[GIVEN INFORMATION — start]

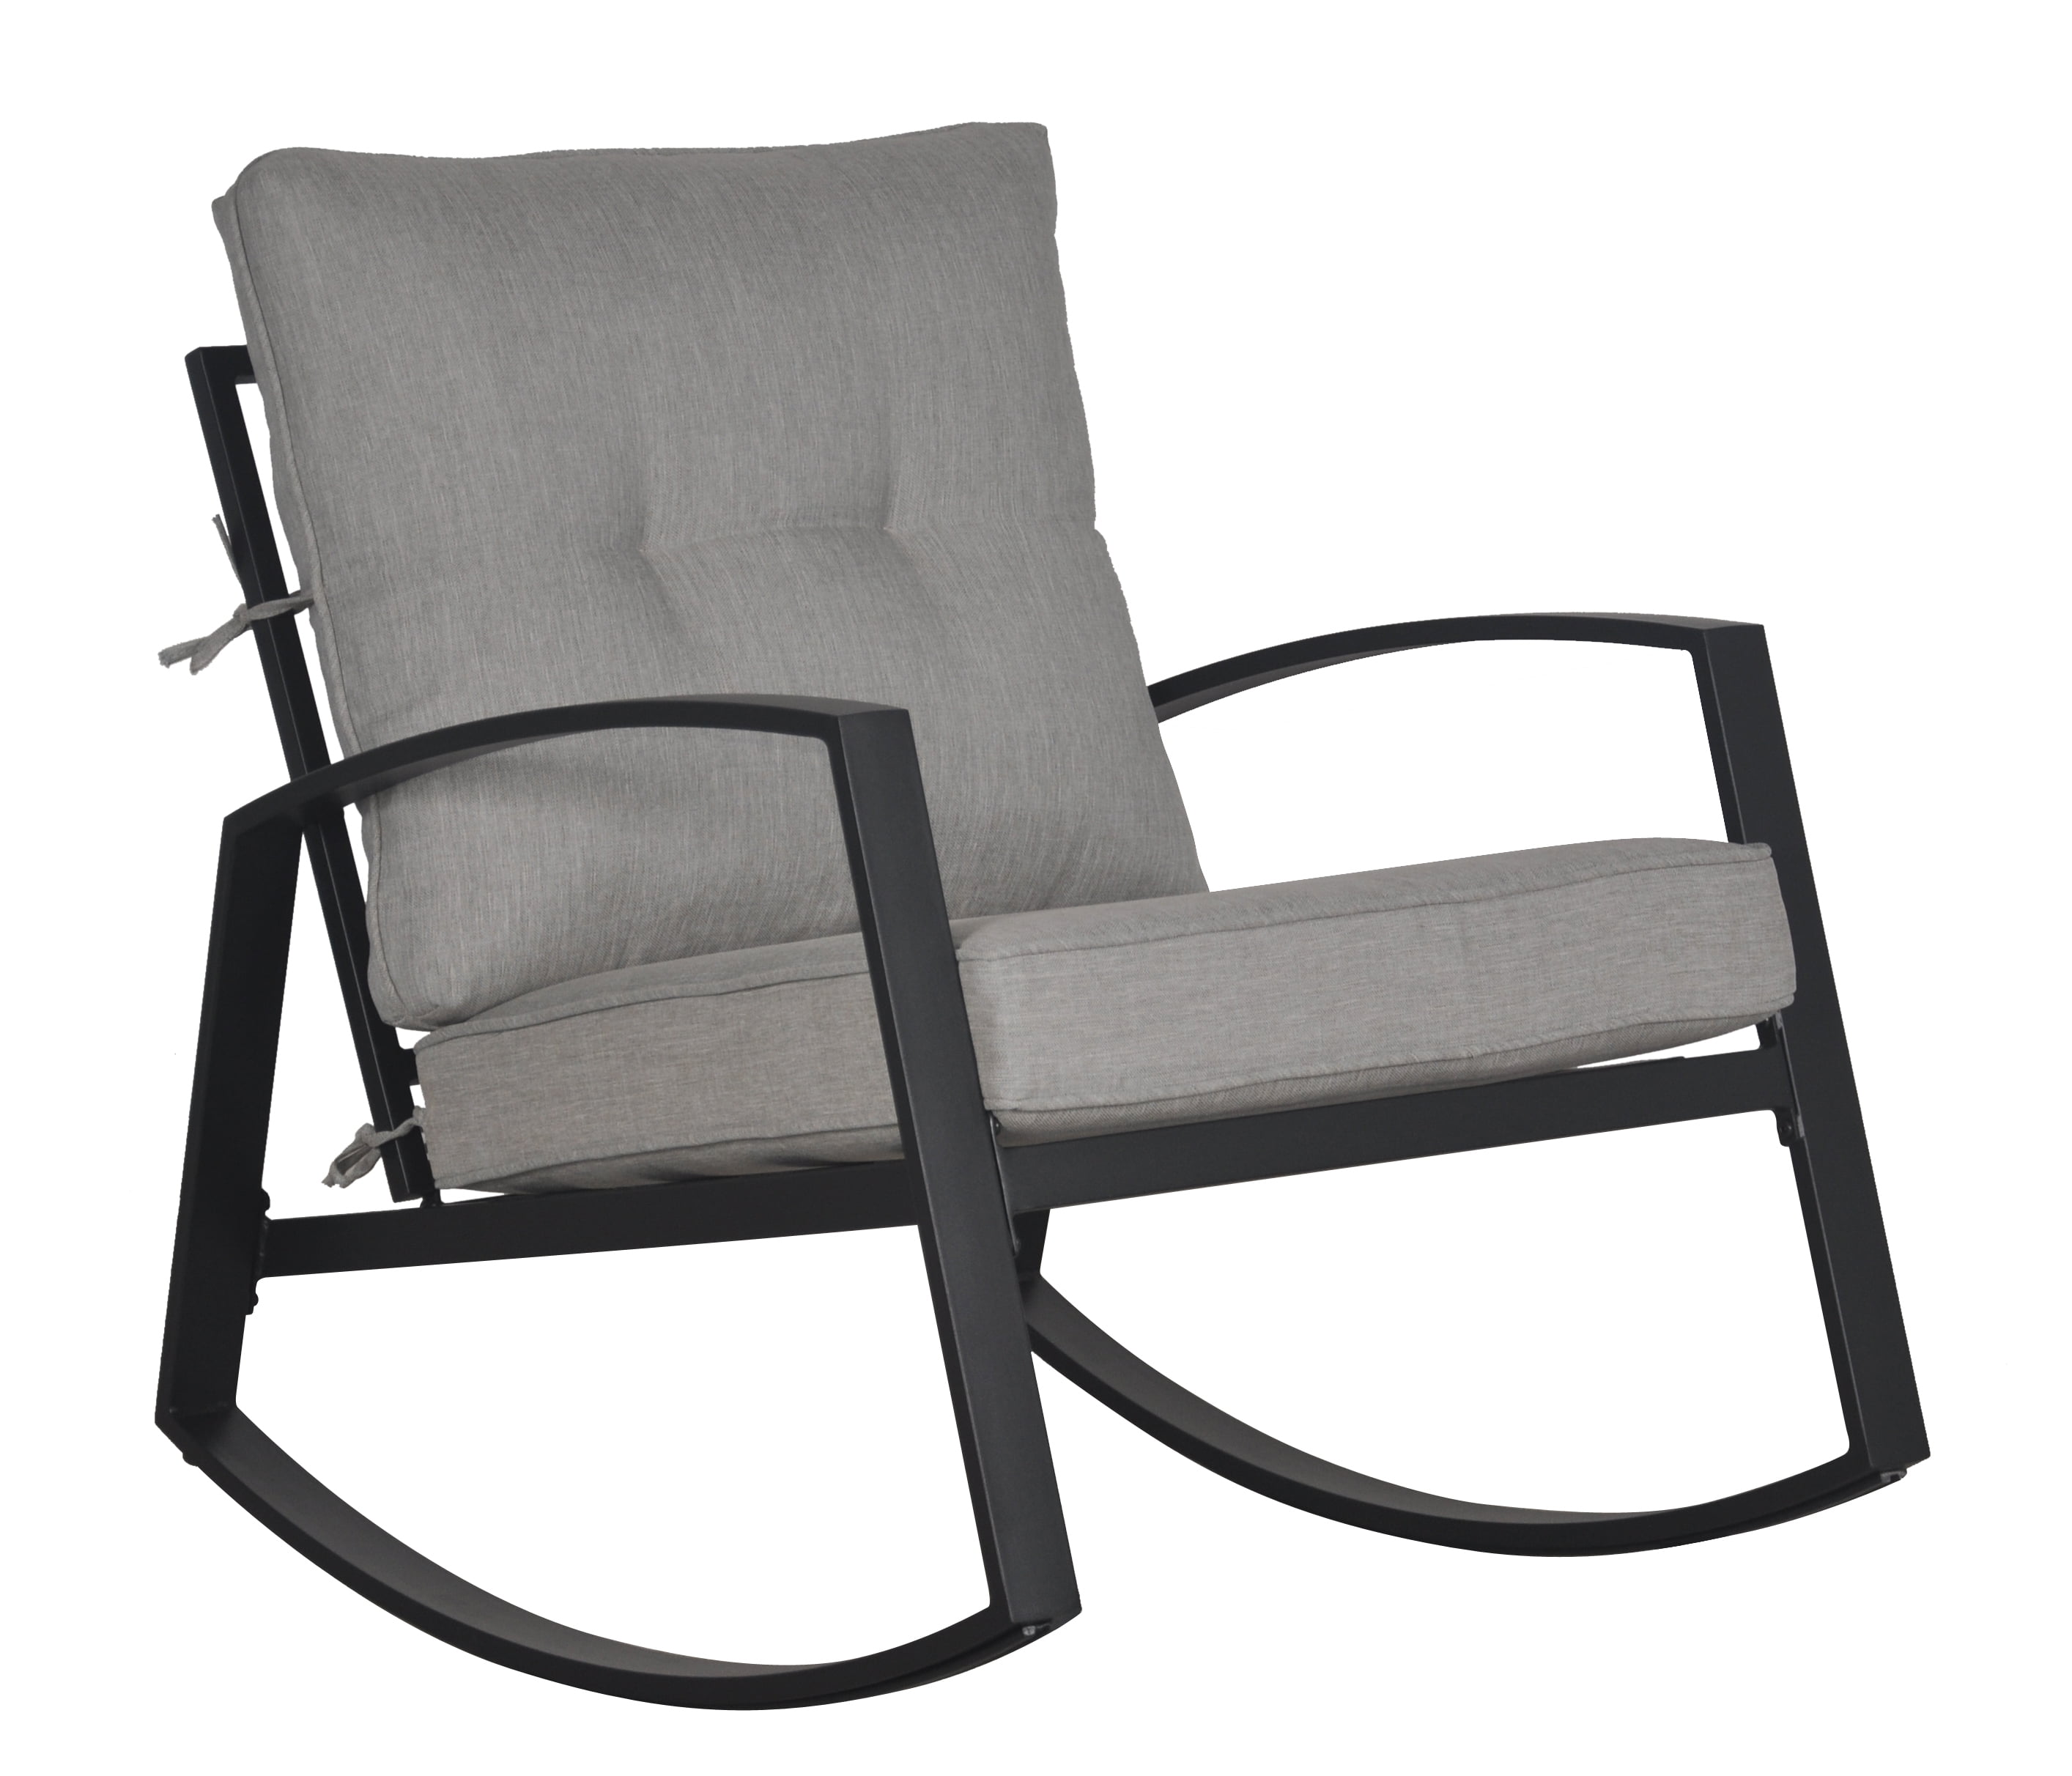 mainstays asher springs 2piece steel cushioned rocking chair set grey
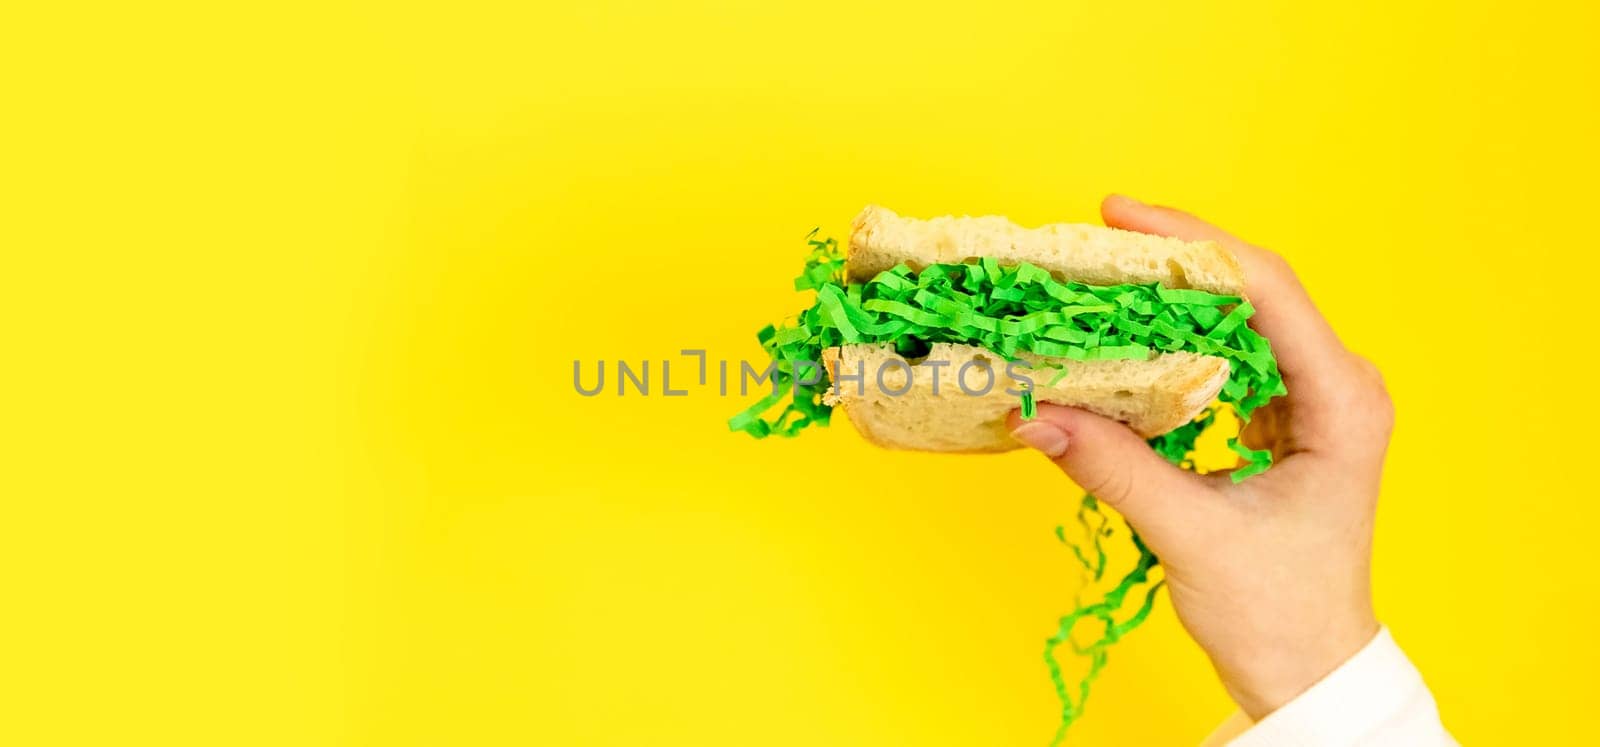 Portrait of one hand of a young Caucasian teenage girl holding a bread sandwich on the right with Easter decorative green hay on a yellow background with with copy space on the left on a spring day in the room, side view close-up with depth of field.
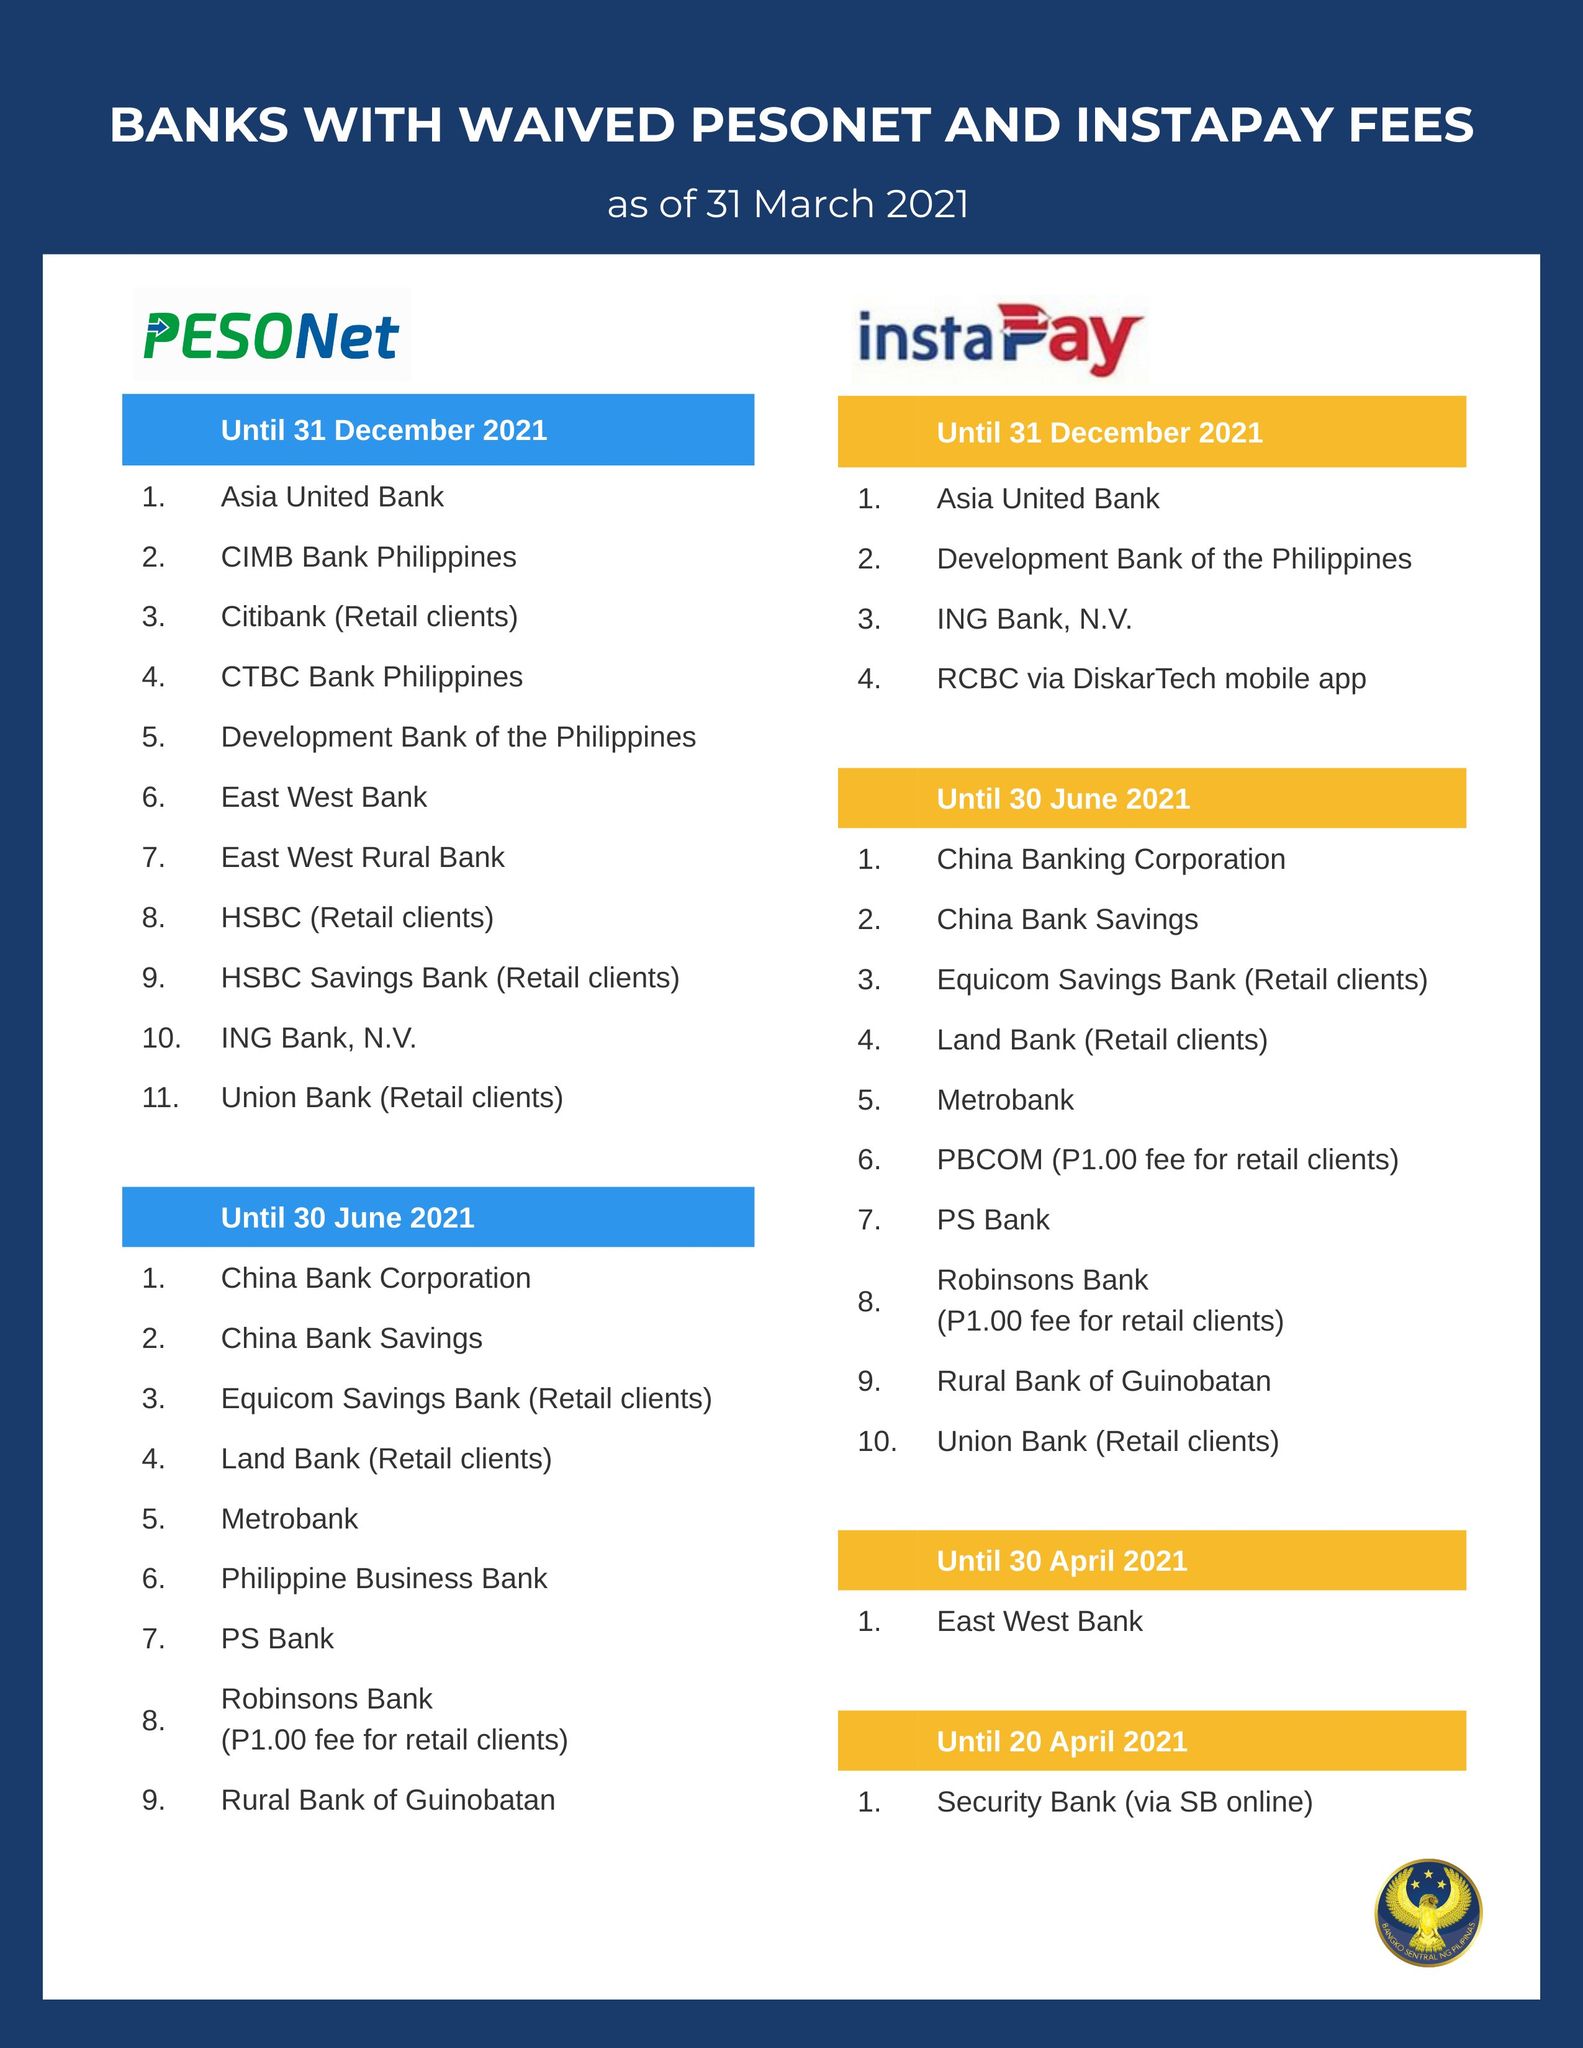 LIST: BSP says more banks extend waived fees for InstaPay, PESONet 1
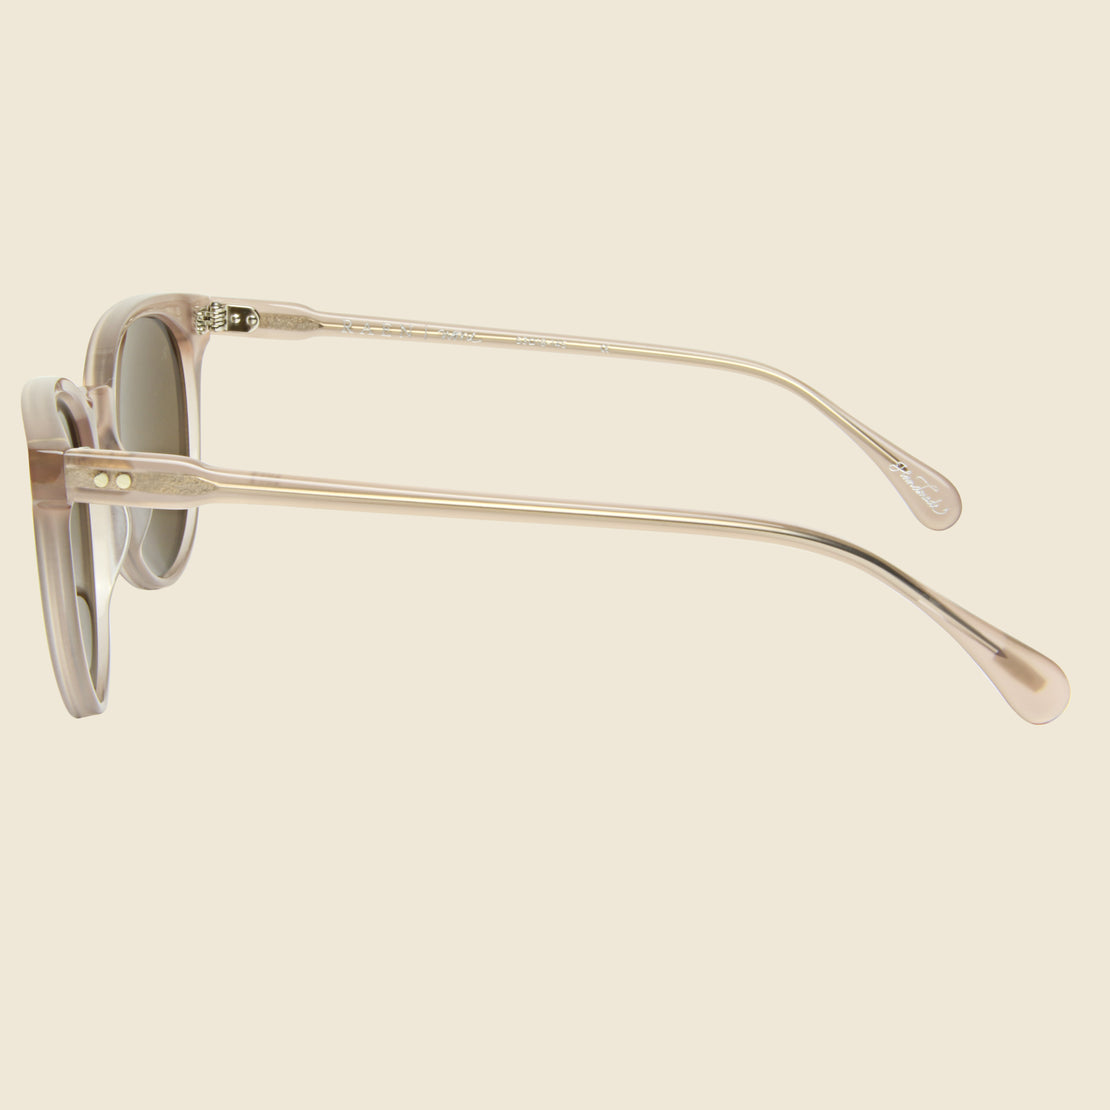 Norie Sunglasses - Rose/Brown Silver Mirror - Raen - STAG Provisions - W - Accessories - Eyewear

[GIVEN INFORMATION — finish]

▶ ACTIVITY: Make an exact copy of the listing above, omitting the pictures.

▶ FINISHED TASK:
 mainstays asher springs 2piece steel cushioned rocking chair set grey
 Portrait of one hand of a young Caucasian teenage girl holding a bread sandwich on the right with Easter decorative green hay on a yellow background with with copy space on the left on a spring day in the room, side view close-up with depth of field.
 LIST: BSP says more banks extend waived fees for InstaPay, PESONet 1
 Norie Sunglasses - Rose/Brown Silver Mirror - Raen - STAG Provisions - W - Accessories - Eyewear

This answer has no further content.